● **What is needed**
Set every line of the data down again exactly, and keep the pictures out.

● **Information provided**
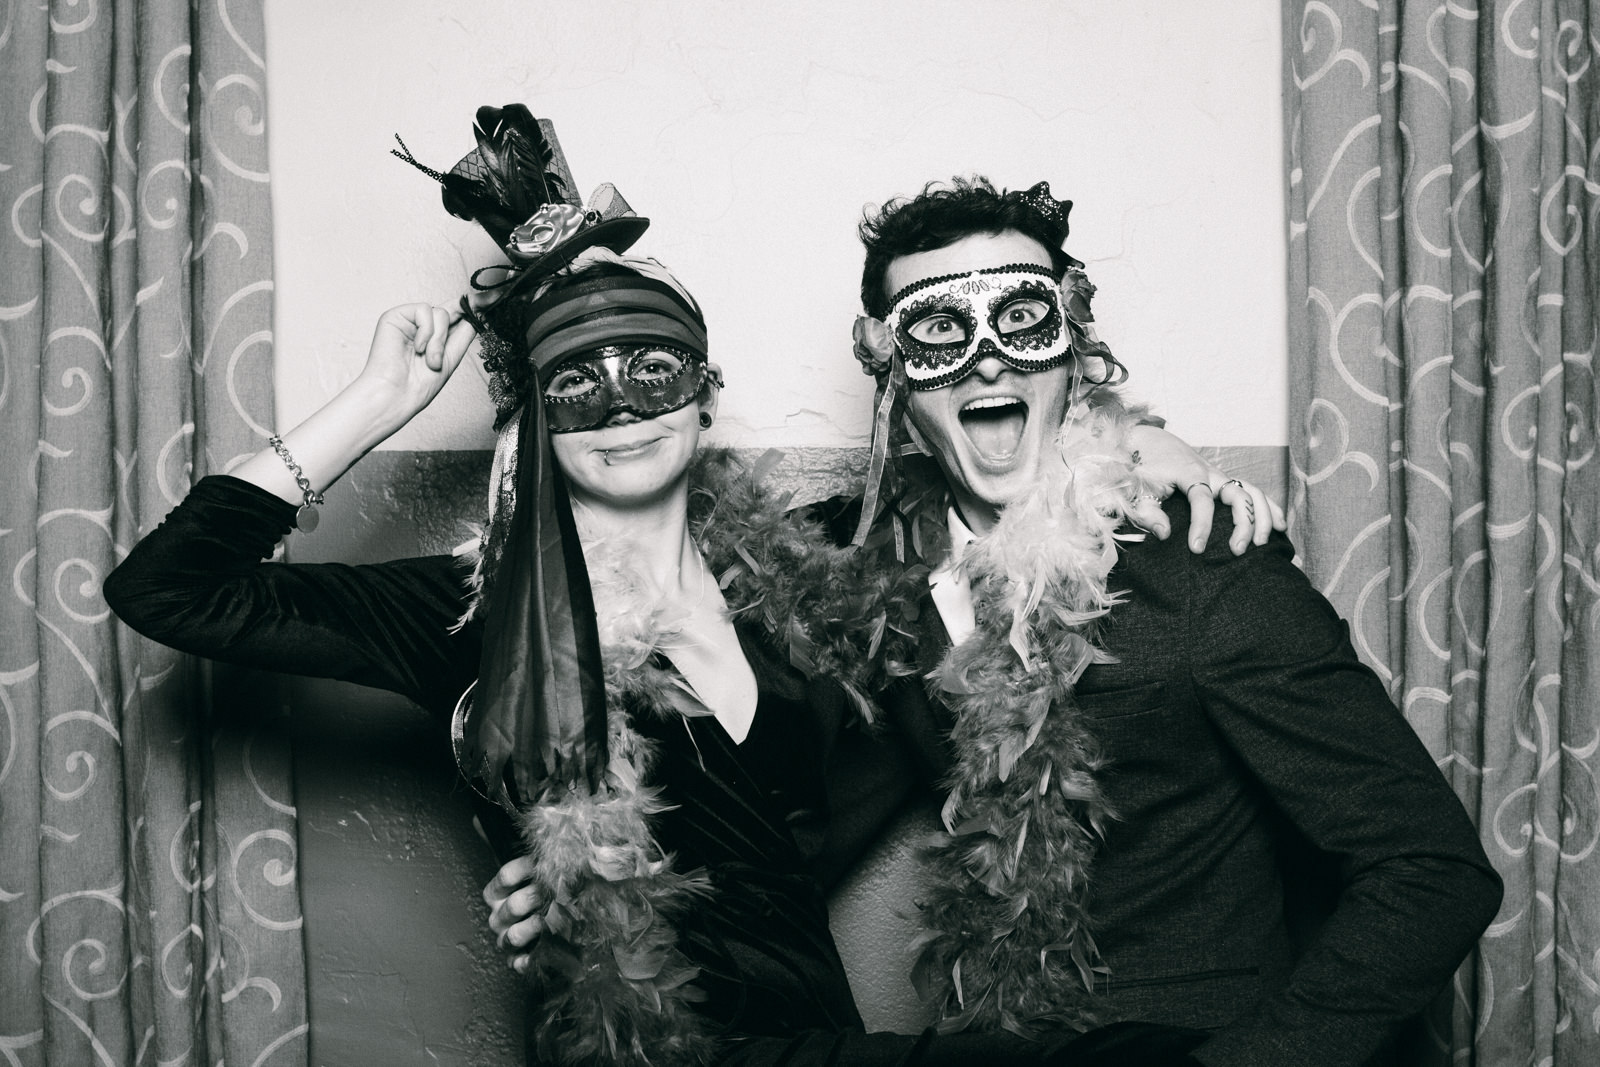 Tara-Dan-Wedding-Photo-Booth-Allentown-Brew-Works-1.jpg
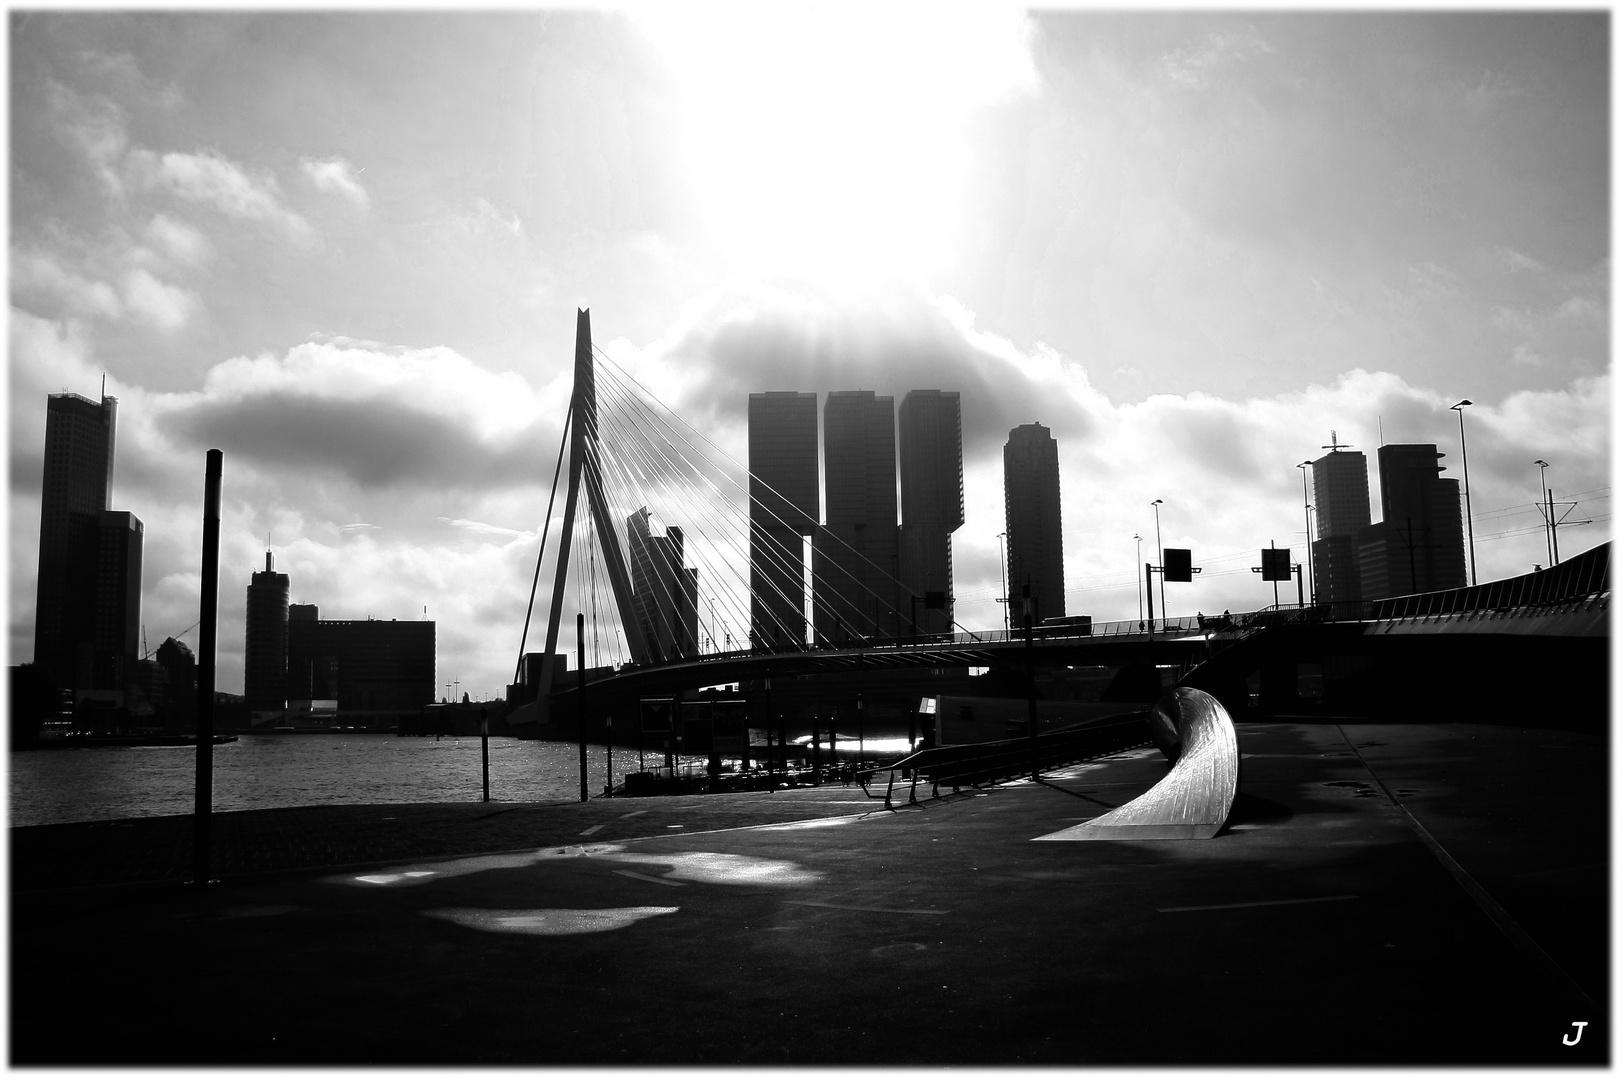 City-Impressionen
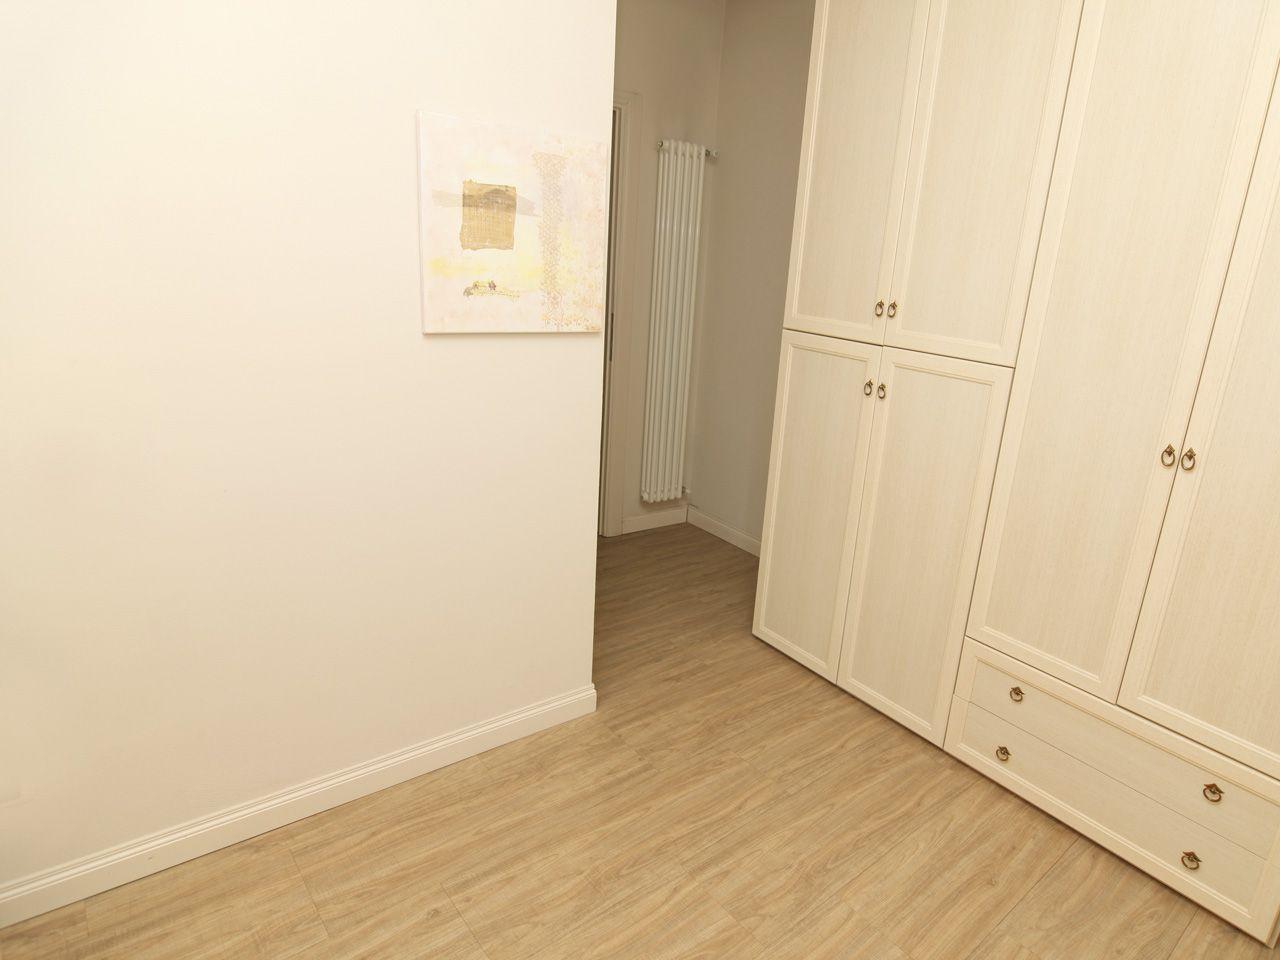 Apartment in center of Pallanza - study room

● **Solved problem**
 Tara-Dan-Wedding-Photo-Booth-Allentown-Brew-Works-1.jpg
 City-Impressionen
 Apartment in center of Pallanza - study room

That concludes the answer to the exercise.